Intro
Google’s Gary Illyes recently discussed the reasons behind the frustrating "crawled but not indexed" errors during an interview at the SERP Conf 2024 conference in Bulgaria. His insights shed light on this common issue and offer valuable guidance for resolving it.
Key Points:
1. Content Similarity:
- Illyes confirmed that one reason for this error is content similarity. If a page's content closely mirrors other already indexed content, Google may choose not to index it.
2. General Site Quality:
- The overall quality of a website significantly impacts indexing. A high number of "crawled but not indexed" pages can indicate quality issues with the site.
3. Technical Issues:
- Technical problems, such as serving the same content across multiple URLs, can also lead to this error. Google’s perception of the site might change if such issues are detected.
4. Duplication:
- Duplicate content is another major factor. Google might crawl a page but decide not to index it if a similar version with better signals already exists in its index.
Detailed Explanation:
During the interview, Illyes responded to a question about whether the "crawled but not indexed" error could result from a page being too similar to already indexed content. He confirmed this could be one reason but emphasized that several factors contribute to this issue.
Granularity and Complexity:
Illyes noted the complexity of categorizing these errors due to the way data is handled internally at Google. He explained that while duplicate content is a significant factor, there are many other potential reasons for this error.
Quality Issues:
Illyes highlighted that the general quality of a site can greatly influence indexing. A surge in "crawled but not indexed" pages might hint at a decline in Google's perception of the site’s quality. This could be due to various reasons, including poor content or technical errors.
Technical Problems:
Technical issues, such as a website mistakenly serving the same content for different URLs, can also lead to this problem. Such errors can cause Google to reconsider its indexing decisions.
Site Signals:
Illyes mentioned that if another site with better signals hosts the same content, Google might prefer to index that site instead. This scenario often occurs with syndicated content where the original publisher’s version is not indexed.
Practical Takeaways:
Understanding these causes can help webmasters debug and fix "crawled but not indexed" errors.

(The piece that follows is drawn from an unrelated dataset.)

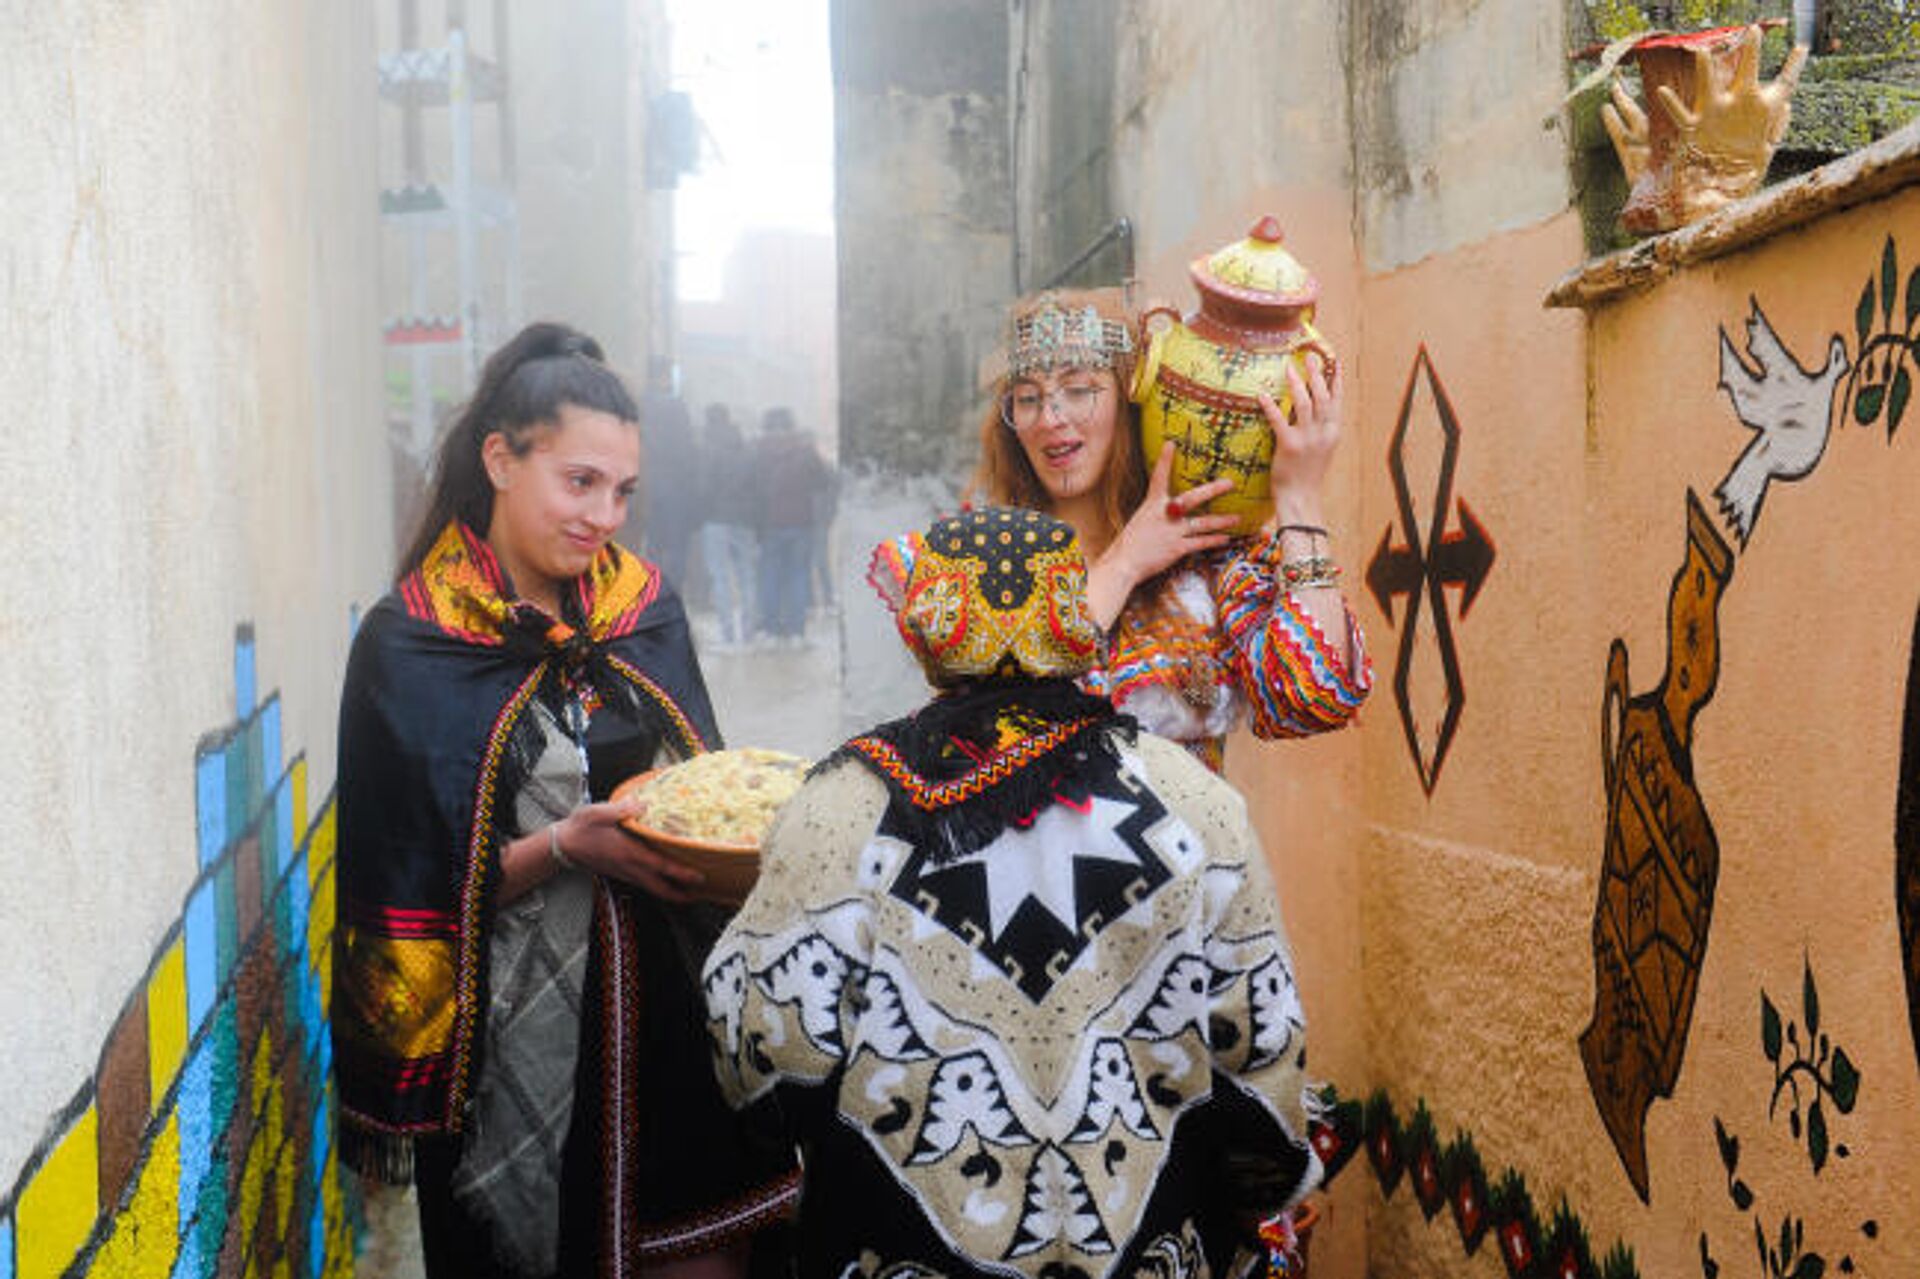 Amazig takvimine göre 2972 yılına girişi kutlayan Berberiler, bugünün Fas'ta resmi tatil olmasını istiyor. - Sputnik Türkiye, 1920, 13.01.2022

Key actions include:
-
Review Content Similarity: Ensure your content is unique and not too similar to existing indexed content.
-
Enhance Site Quality: Focus on improving the overall quality of your site to enhance its perception by Google.
-
Resolve Technical Issues: Address any technical issues that might cause duplicate content or other problems.
-
Monitor Site Signals: Be aware of how your site’s signals compare to others, especially if your content is syndicated.
By addressing these areas, you can improve your chances of having your pages indexed by Google.